WHAT YOU HAVE TO DO >> For the material below, reproduce exactly each line from the one that has "Mail User Agent (MUA)" through the one that has "Black wall clock", and no others; pictures stay out.

RECORDS >>
════════════════════
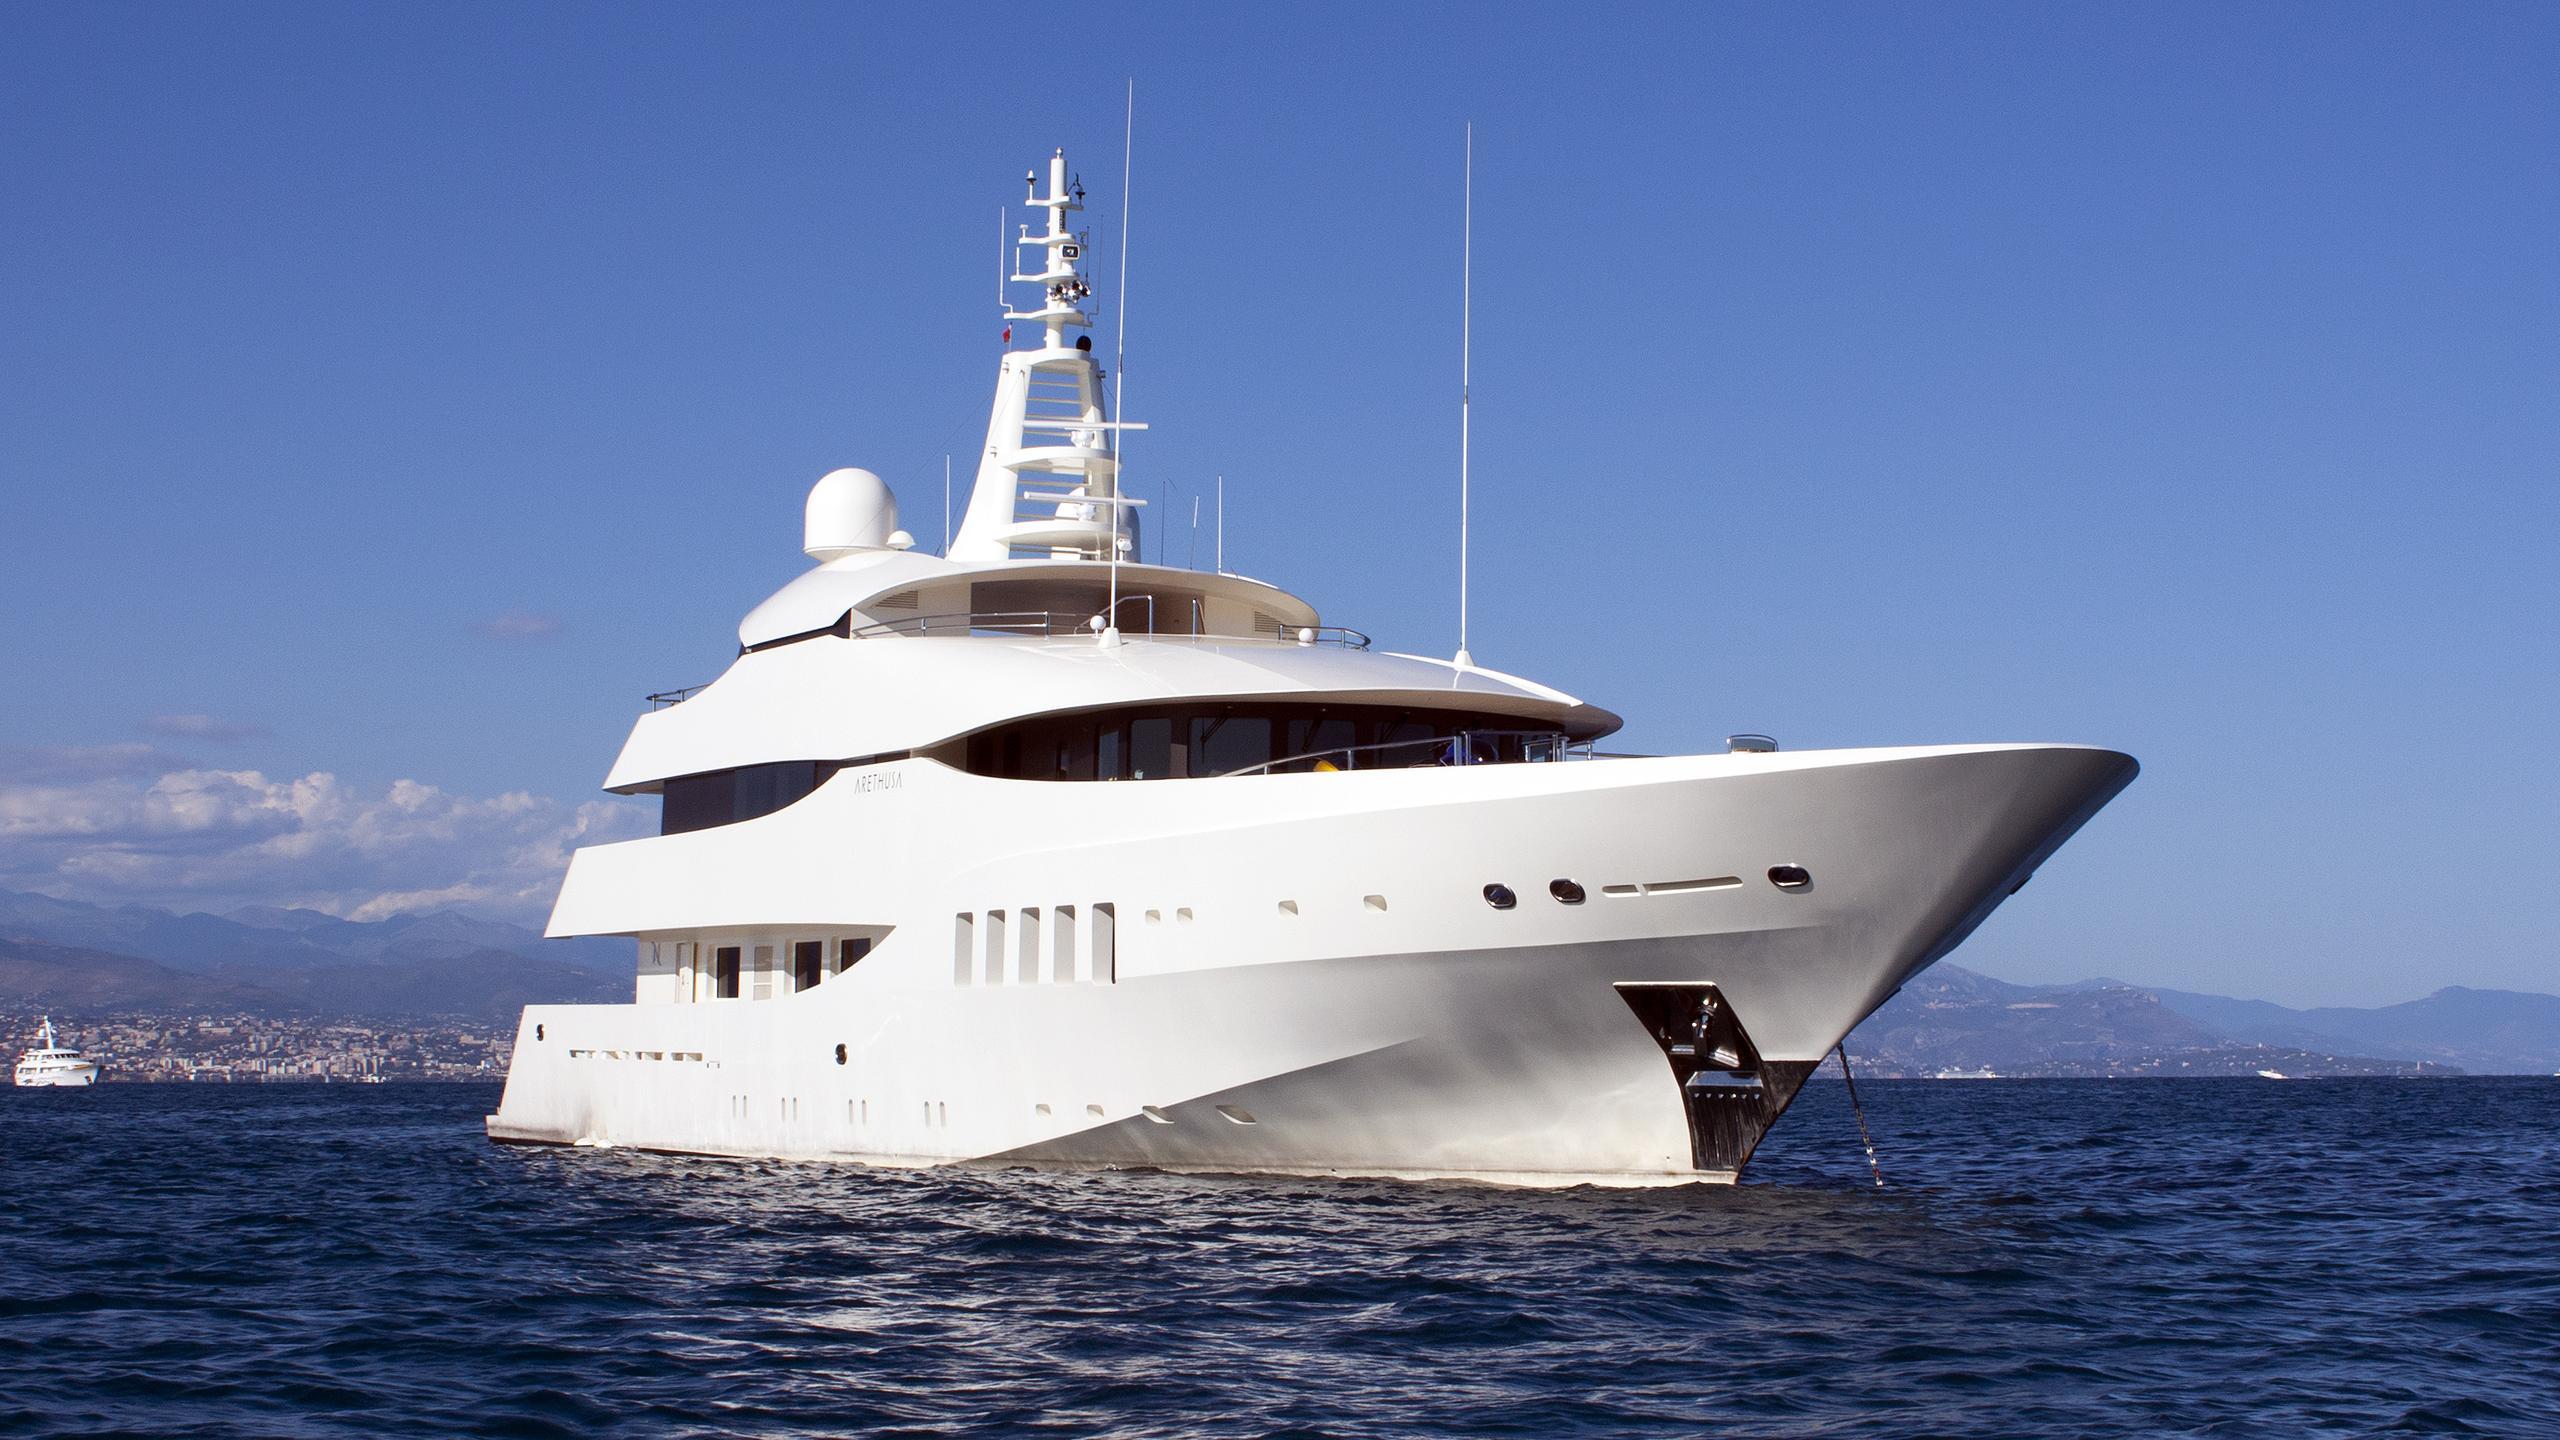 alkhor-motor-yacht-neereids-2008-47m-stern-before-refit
════════════════════
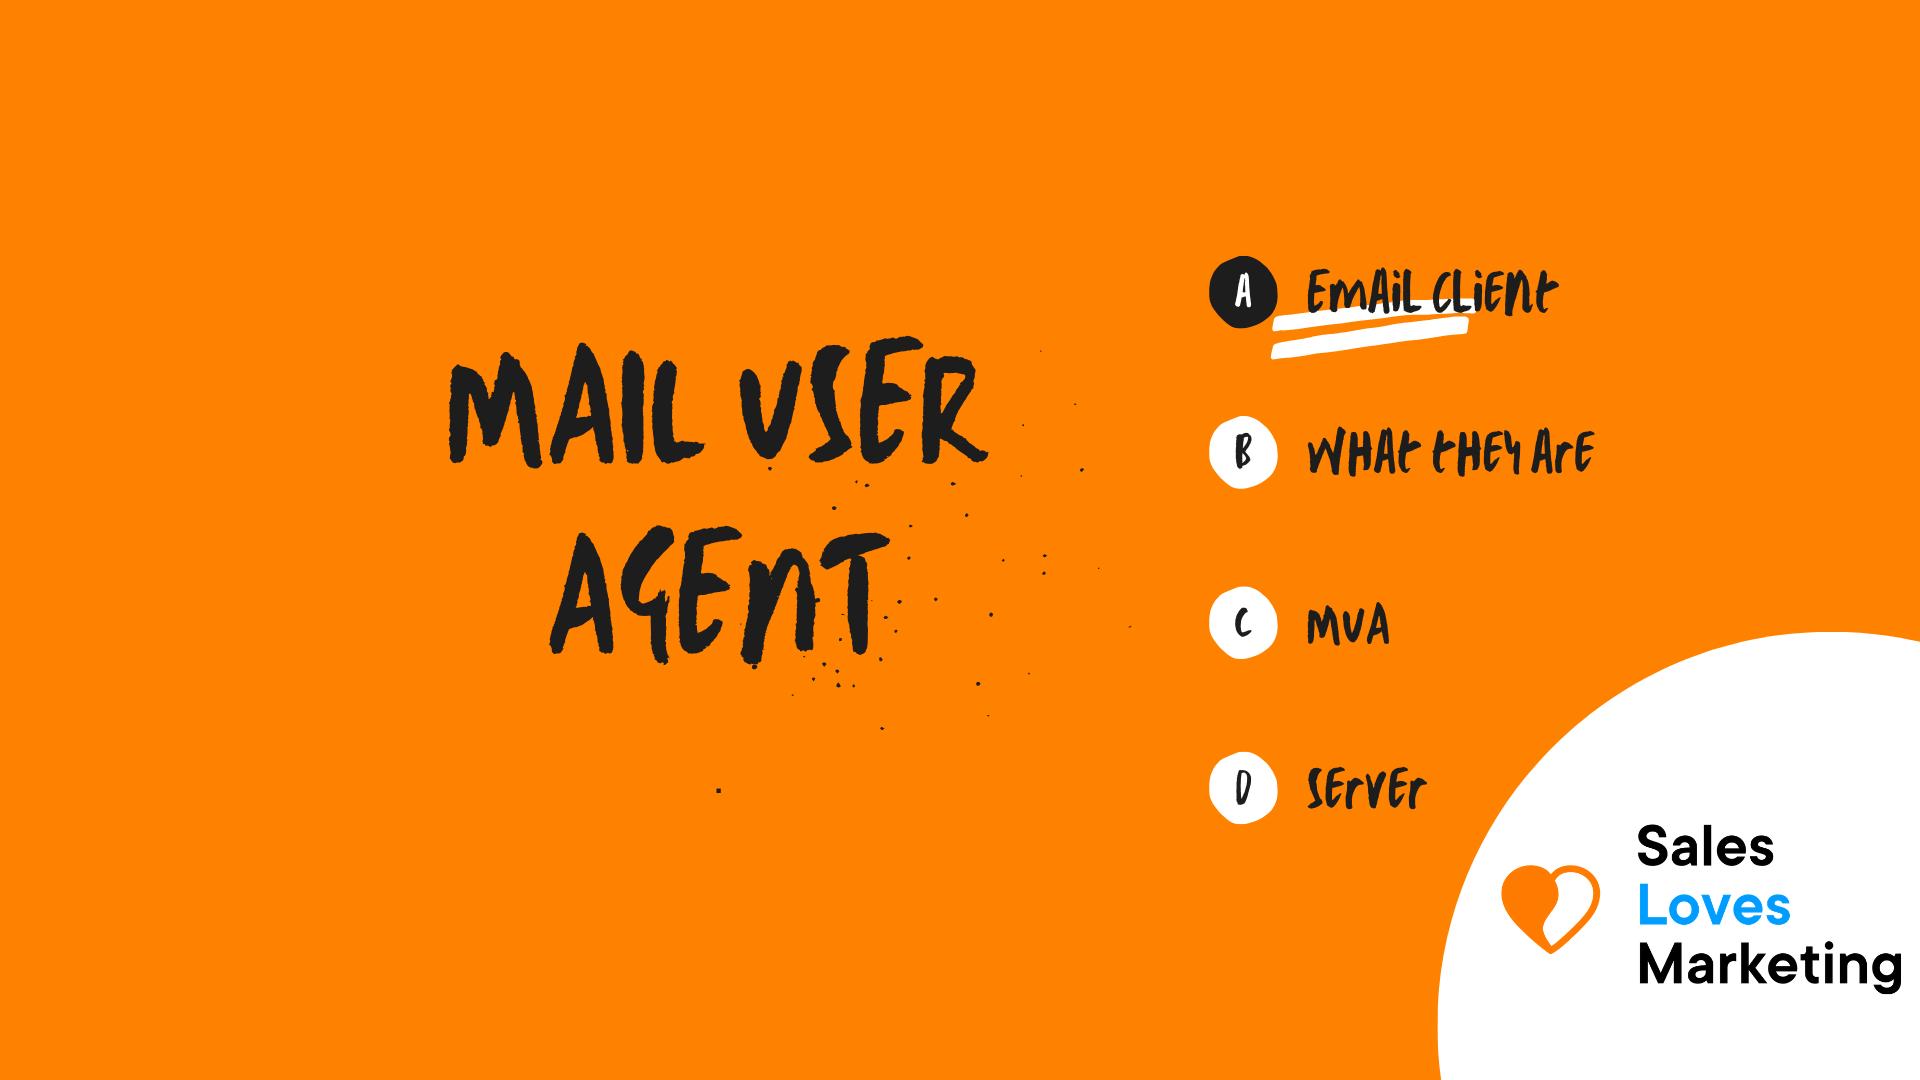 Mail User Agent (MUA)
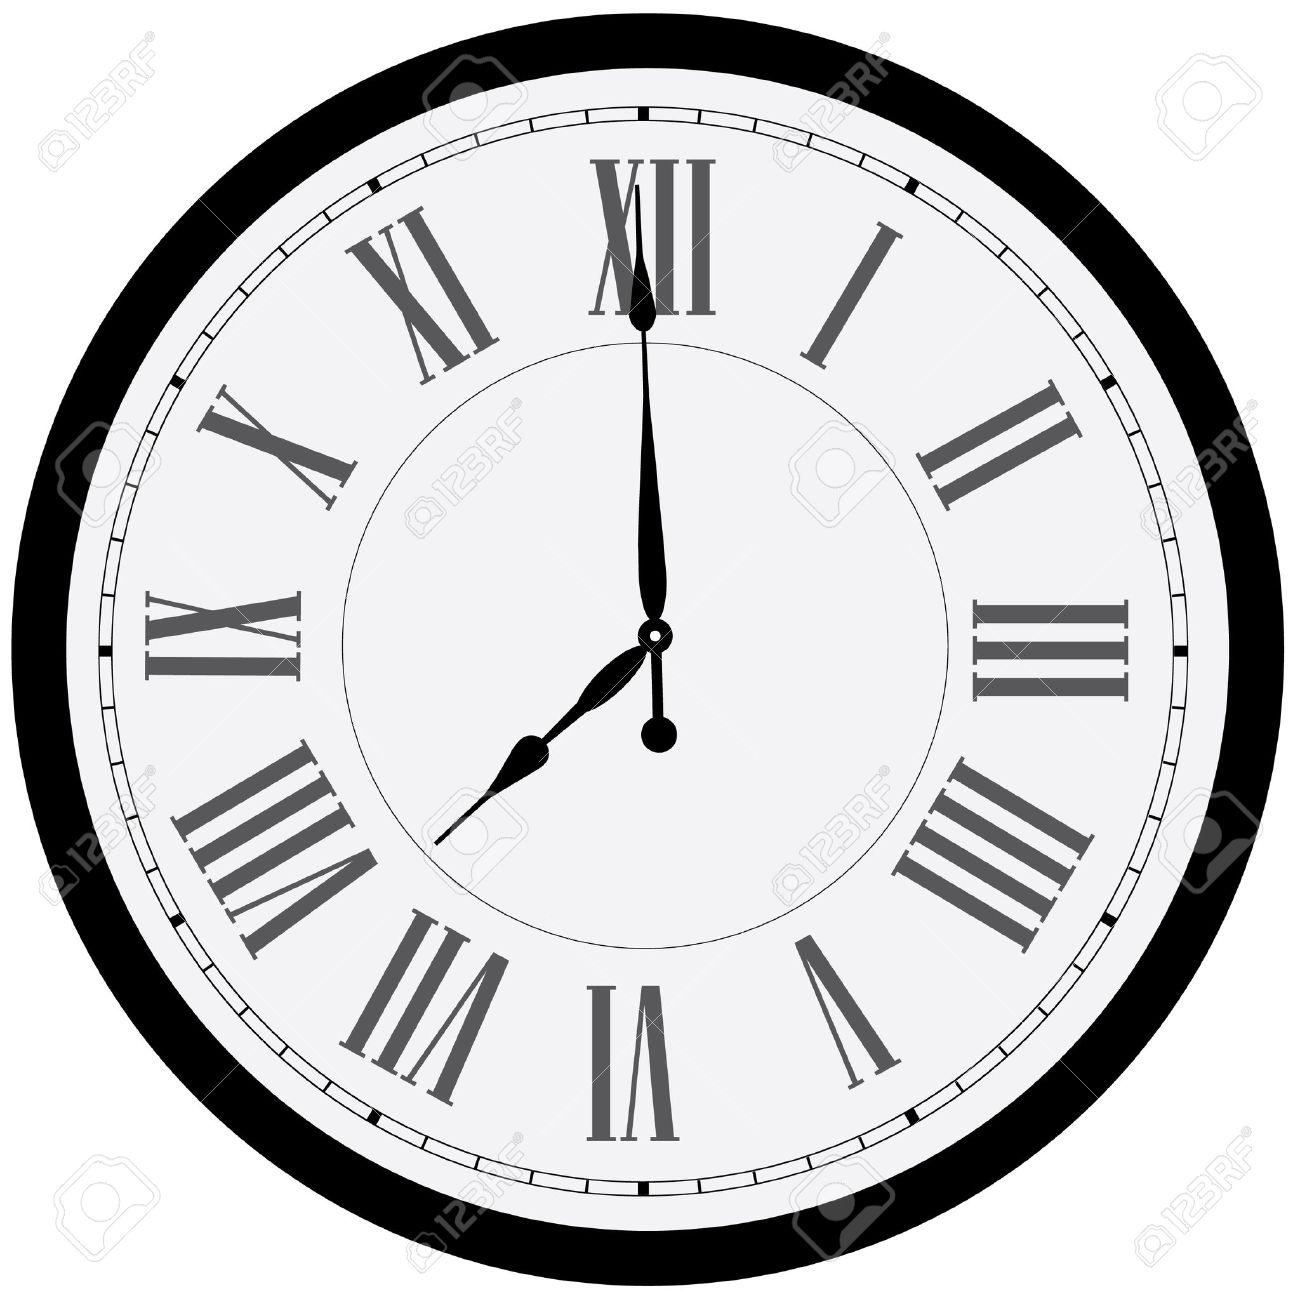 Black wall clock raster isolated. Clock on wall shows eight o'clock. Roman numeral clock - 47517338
════════════════════
THE ANSWER >>
 Mail User Agent (MUA)
 Black wall clock raster isolated. Clock on wall shows eight o'clock. Roman numeral clock - 47517338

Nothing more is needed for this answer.